* [DIRECTIONS FOR THIS TASK]: Reproduce the listing below from the line with "Nike Air Jordan" to the line with "hot naked girls going down", both lines included, character for character, minus any pictures.

* [DATA PROVIDED]:
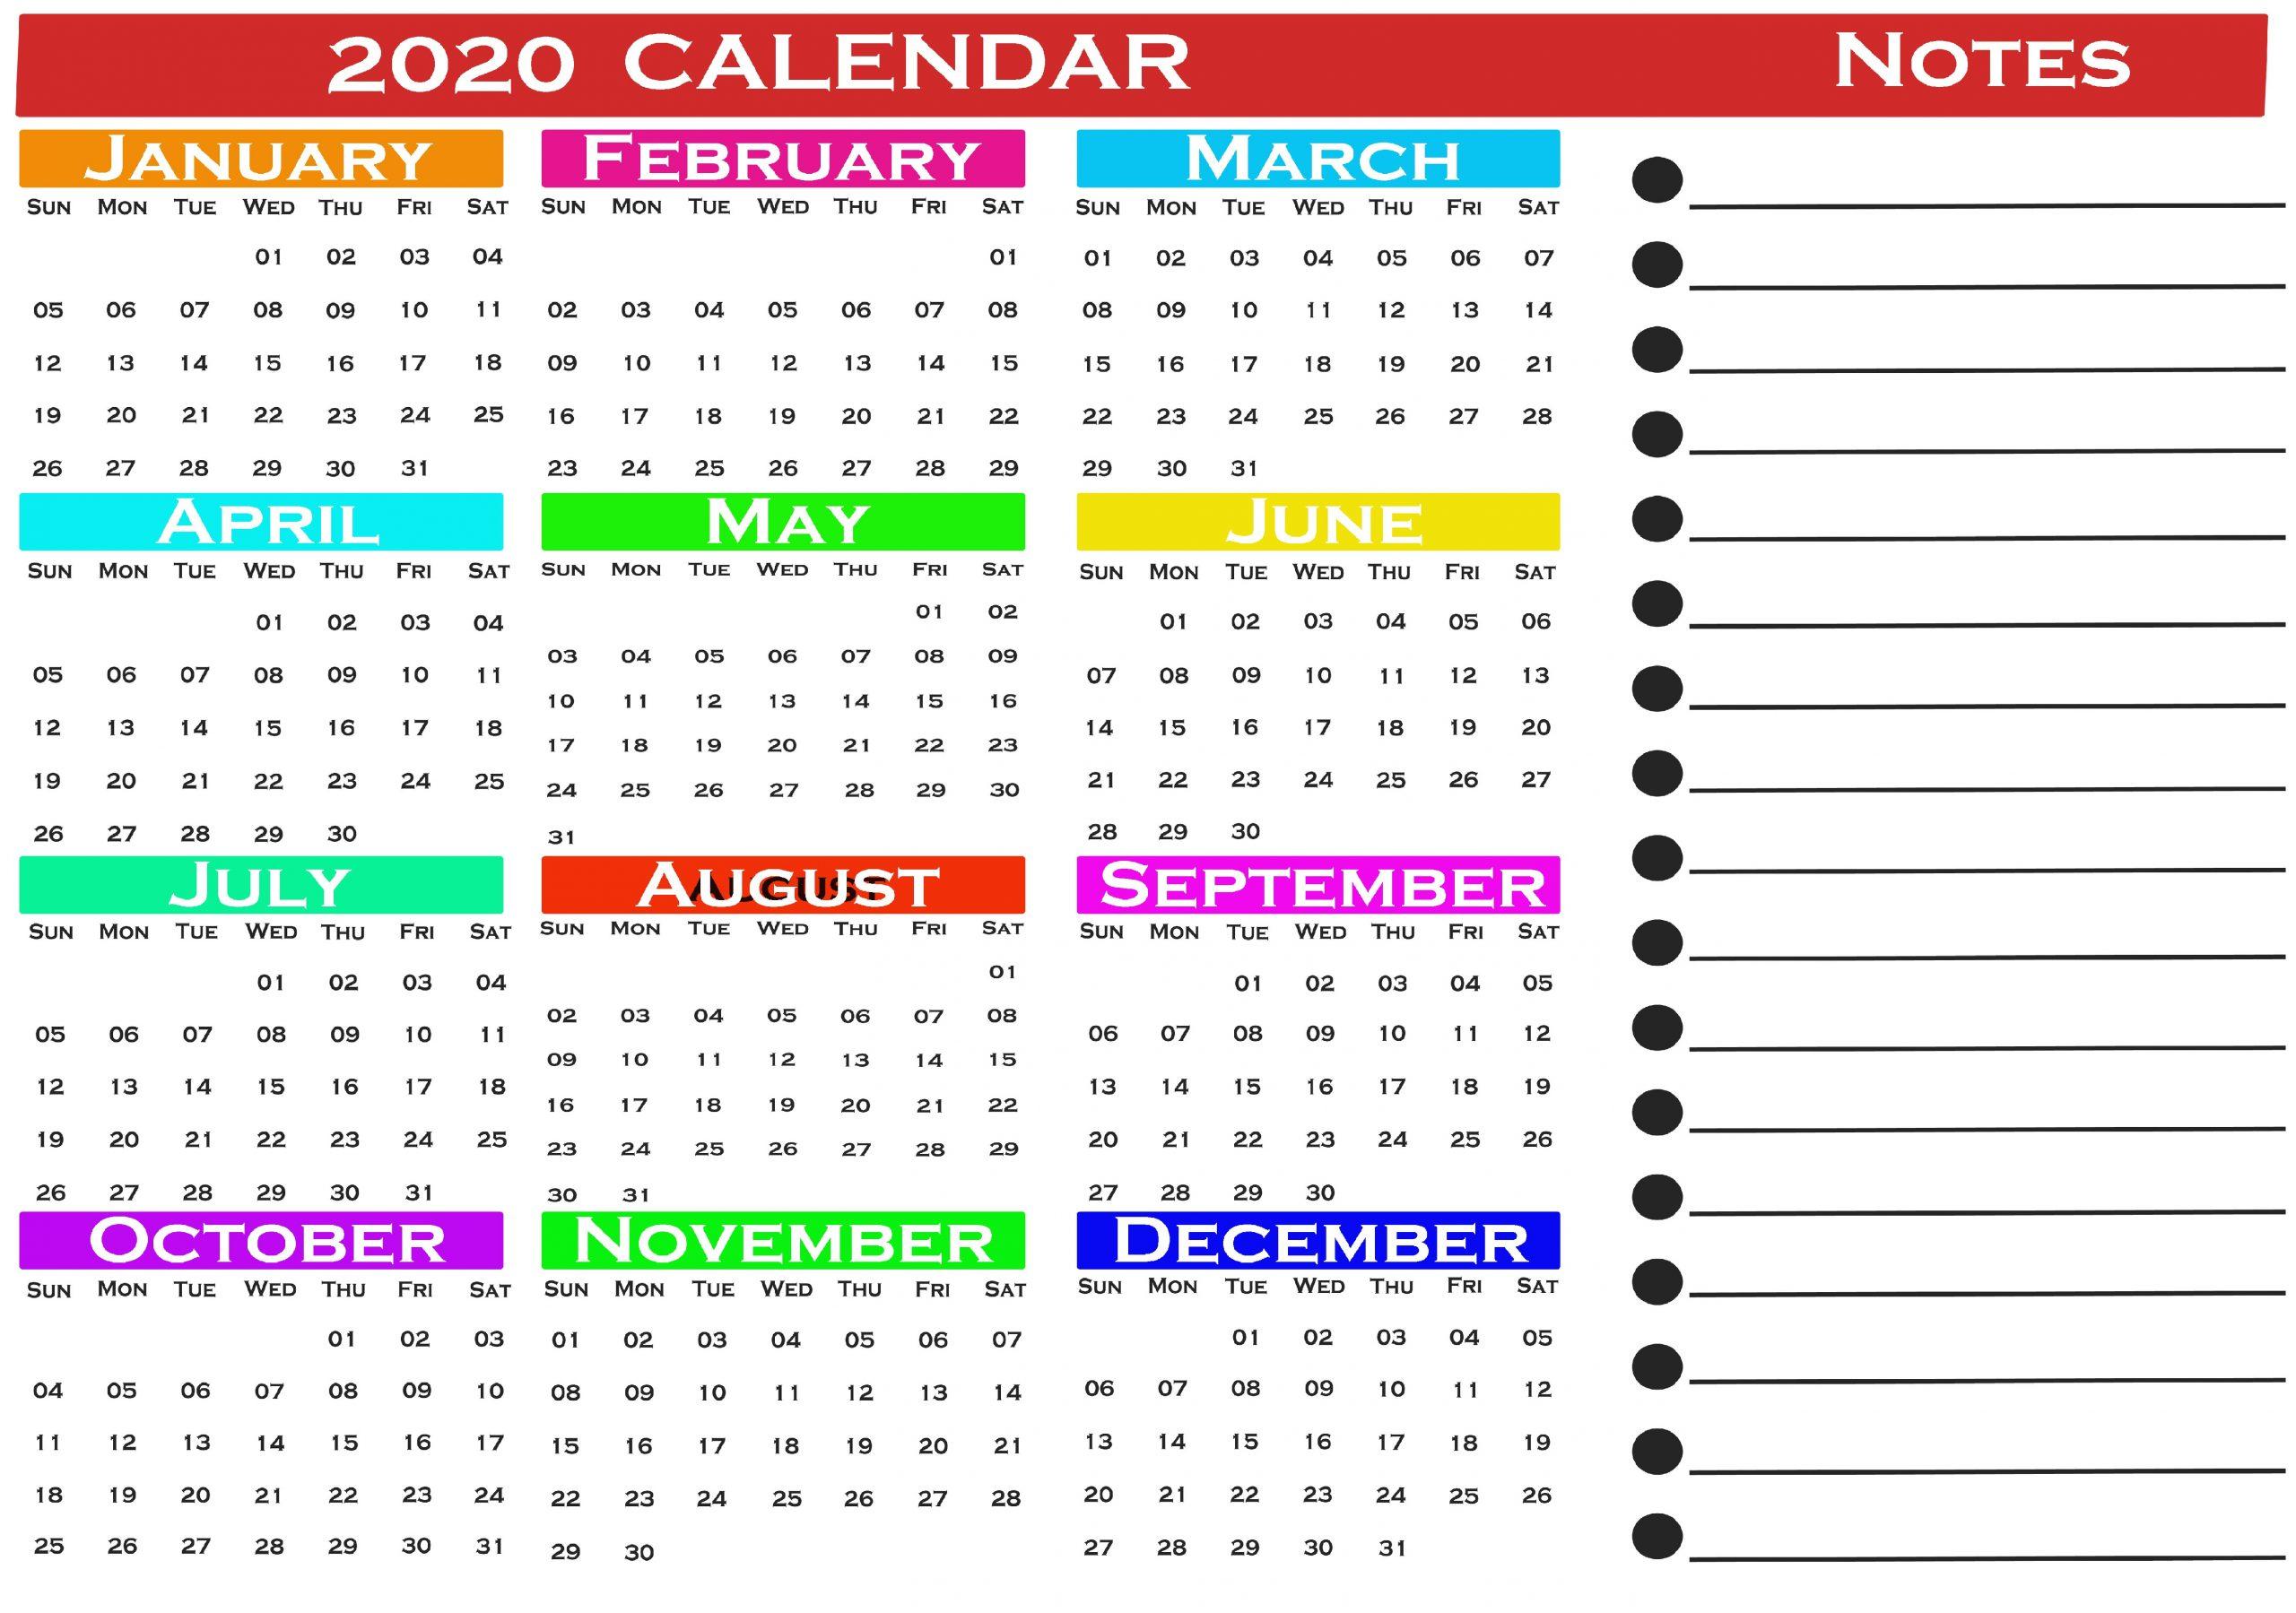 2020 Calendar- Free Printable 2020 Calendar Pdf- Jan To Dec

* * *

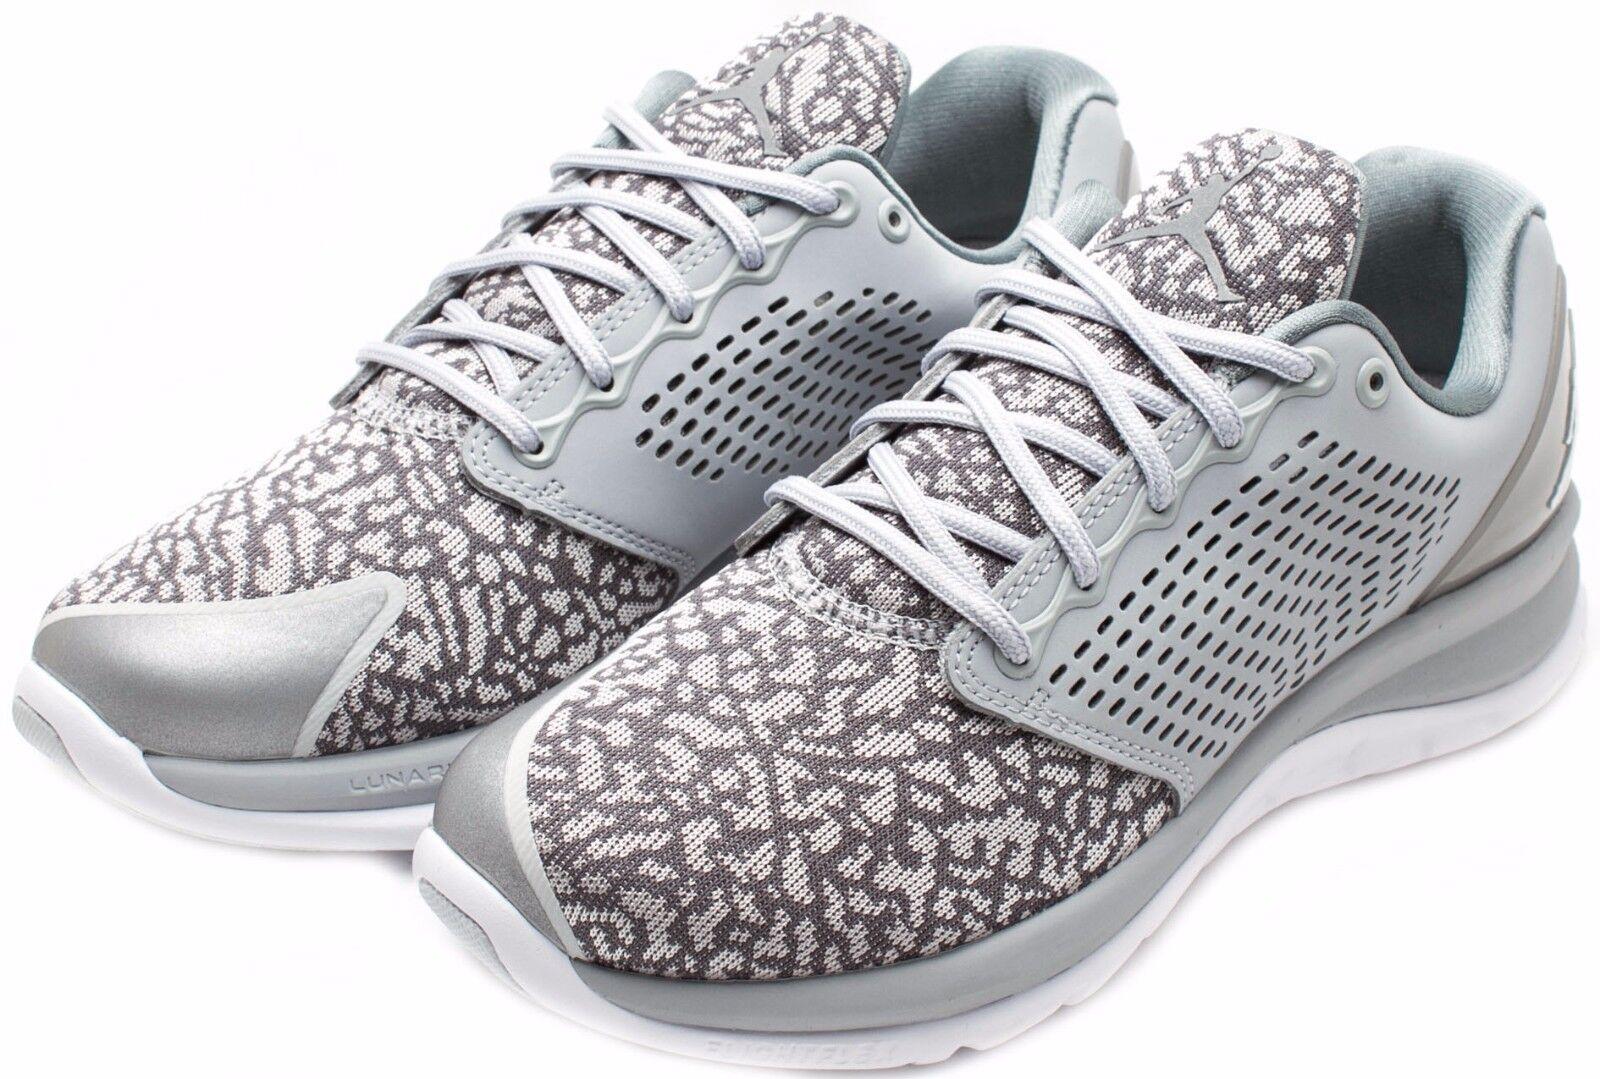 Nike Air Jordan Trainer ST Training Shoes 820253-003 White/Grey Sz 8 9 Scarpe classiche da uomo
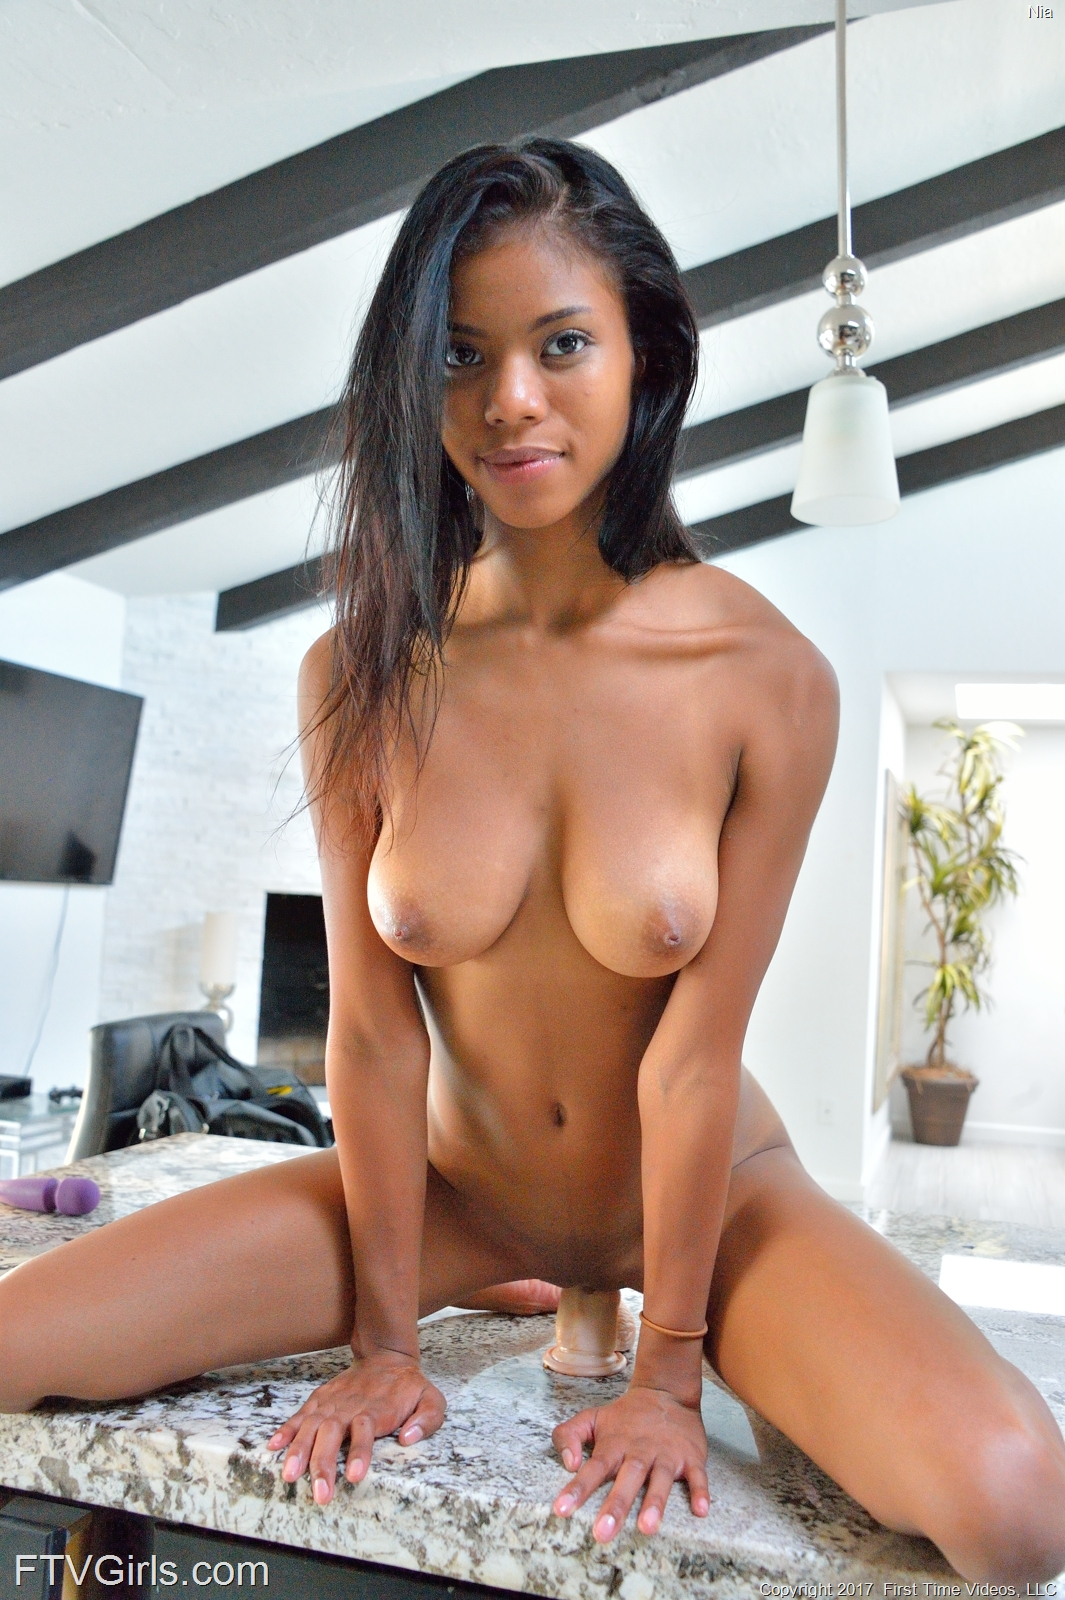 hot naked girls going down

* [TASK RESPONSE]:
 Nike Air Jordan Trainer ST Training Shoes 820253-003 White/Grey Sz 8 9 Scarpe classiche da uomo
 hot naked girls going down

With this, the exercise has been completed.